I’m not going to lie. I sat with that for a bit. As indie authors, we work in the in-between, hustling our stories into the world while juggling life, family, and the chaos of everything else we carry. So when a professional reviewer not only connects with your book but celebrates it, it hits different. Especially when that reviewer understands the cultural nuances, the atmosphere, and the emotional weight behind the story you wrote from your soul.
It made me pause. It made me breathe. And it reminded me that honoring our stories matters.
What The Review Said That Stuck With Me
The reviewer, Essien Asian of Readers’ Favorite, called The Ordinary Bruja “an impressive amount of work” and highlighted the cultural realism, the blend of English and Spanish, and the way the small sensory details build terror. He noticed the things that I worried might be overlooked. The cigar smoke. The cold drafts. The grief in the silences. He saw the cultural heartbeat underneath the haunting.
That kind of acknowledgment carries weight, especially when your book centers a Dominican American woman navigating grief, identity, and ancestral magic. It is not just a horror story. It is a reclaiming. A wrestling. A remembering. And for a reviewer to call out that blend of culture and atmosphere, and to celebrate it as a strength, made me feel seen in a way I didn’t expect.
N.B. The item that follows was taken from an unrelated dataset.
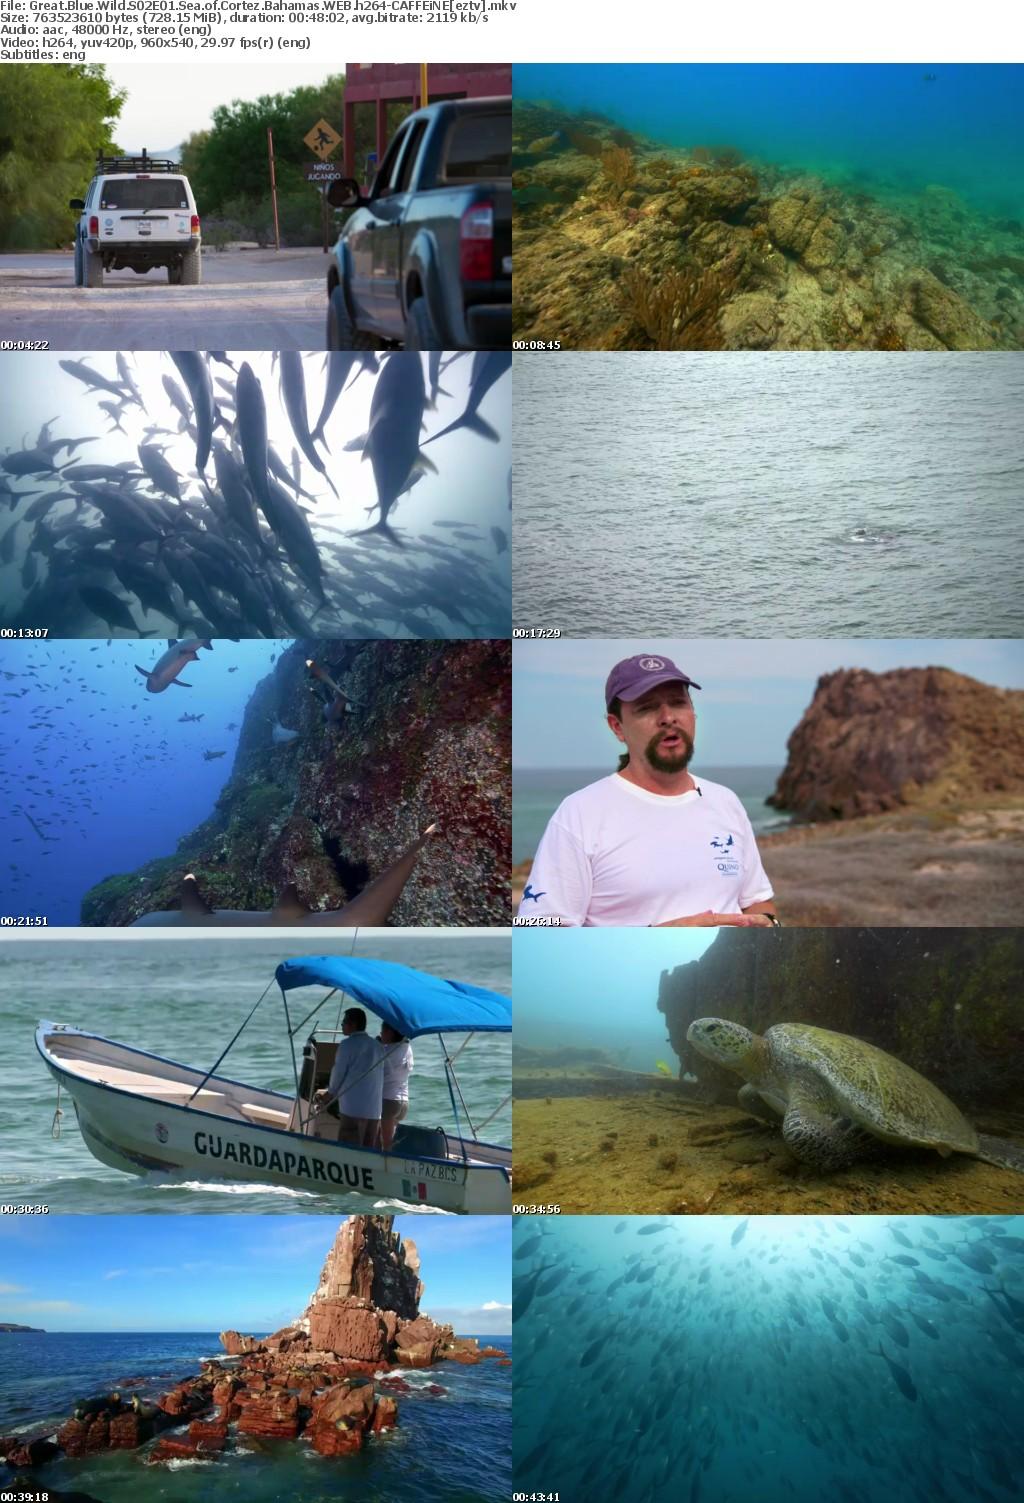 Great Blue Wild S02E01 Sea of Cortez Bahamas WEB h264-CAFFEiNE

The second review, which came in at 4 stars, highlighted something equally important. It spoke about the emotional journey, the heritage, and how Marisol’s story reflects the power of self-love. To hear someone echo the themes that shaped the book felt like validation of the heart behind it.
When readers get the story, it’s magic. When professional reviewers get it, you exhale a little.
Why This Badge Matters To Me As An Indie Author
Getting a Readers’ Favorite badge is not about clout. It is not about bragging rights. It is about visibility, especially in a publishing world that often overlooks stories written by and about Latines who do not fit the mold.
Indie authors work without the infrastructure, the traditional backing, or the marketing machine of the Big Five. We build our own tables. We create our own pathways. Every piece of recognition helps amplify a book like The Ordinary Bruja, which is rooted in Dominican culture, grief, generational trauma, and the kind of magic that lives in the everyday.
This badge means that a panel of reviewers sees The Ordinary Bruja as a story of quality, depth, and craft. It also signals to librarians, bookstores, and readers that this book is not only worth the read but worth taking seriously.
And for a story about a bruja who never believed she was enough, that feels poetic.
What This Means For Readers
For those who have been following Marisol’s journey, this badge is a celebration for you too. You’re the ones who have shown up for my messy drafts, my behind-the-scenes chaos, and my worldbuilding rabbit holes. You’ve listened to me talk about Hallowthorn Hill, the Espinal lineage, and the three girlies who stay living rent-free in Marisol’s head.
This badge signals that you are supporting a story that resonates far beyond my little writing nook. That the themes of identity, ancestral memory, and self-doubt are connecting on a broader scale.
For new readers, it gives reassurance. It tells them they are stepping into a world that has been vetted, loved, and praised by people who read hundreds of books a year. For those who love horror blended with culture, psychological tension, and family secrets, this badge becomes a lighthouse pointing their way.
Reflecting On The Journey
I wrote The Ordinary Bruja with pieces of myself tucked between the lines. The fears I carried. The insecurities I inherited. The weight of silence that many of us learn growing up in immigrant households. And I wrote it with the hope that someone, somewhere, would see themselves in Marisol and realize they were not alone.
The fact that a reviewer picked up on that emotional depth alongside the horror and magical realism means more than I can explain. It feels like a bridge between my lived experience and the reader’s experience, and that is what storytelling is really about.
This badge won’t change who I am or how I tell stories. But it does remind me that the work matters. The pages matter. The cultural truths matter. And that writing from the heart, even when you’re unsure if anyone will get it, is worth it.
Moving Forward With Gratitude
So what now? Well, I’ll proudly place that shiny little badge on my website and my book’s listings because I earned it. And I’ll keep writing. I’ll keep telling stories about messy, magical, marginalized characters who look like us and feel like us.
And I’ll keep pushing myself to grow as a writer, as a storyteller, and as a bruja building worlds one page at a time.
Thank you for celebrating with me. And thank you for believing in my work. The Ordinary Bruja is only the beginning, and I’m excited for what comes next.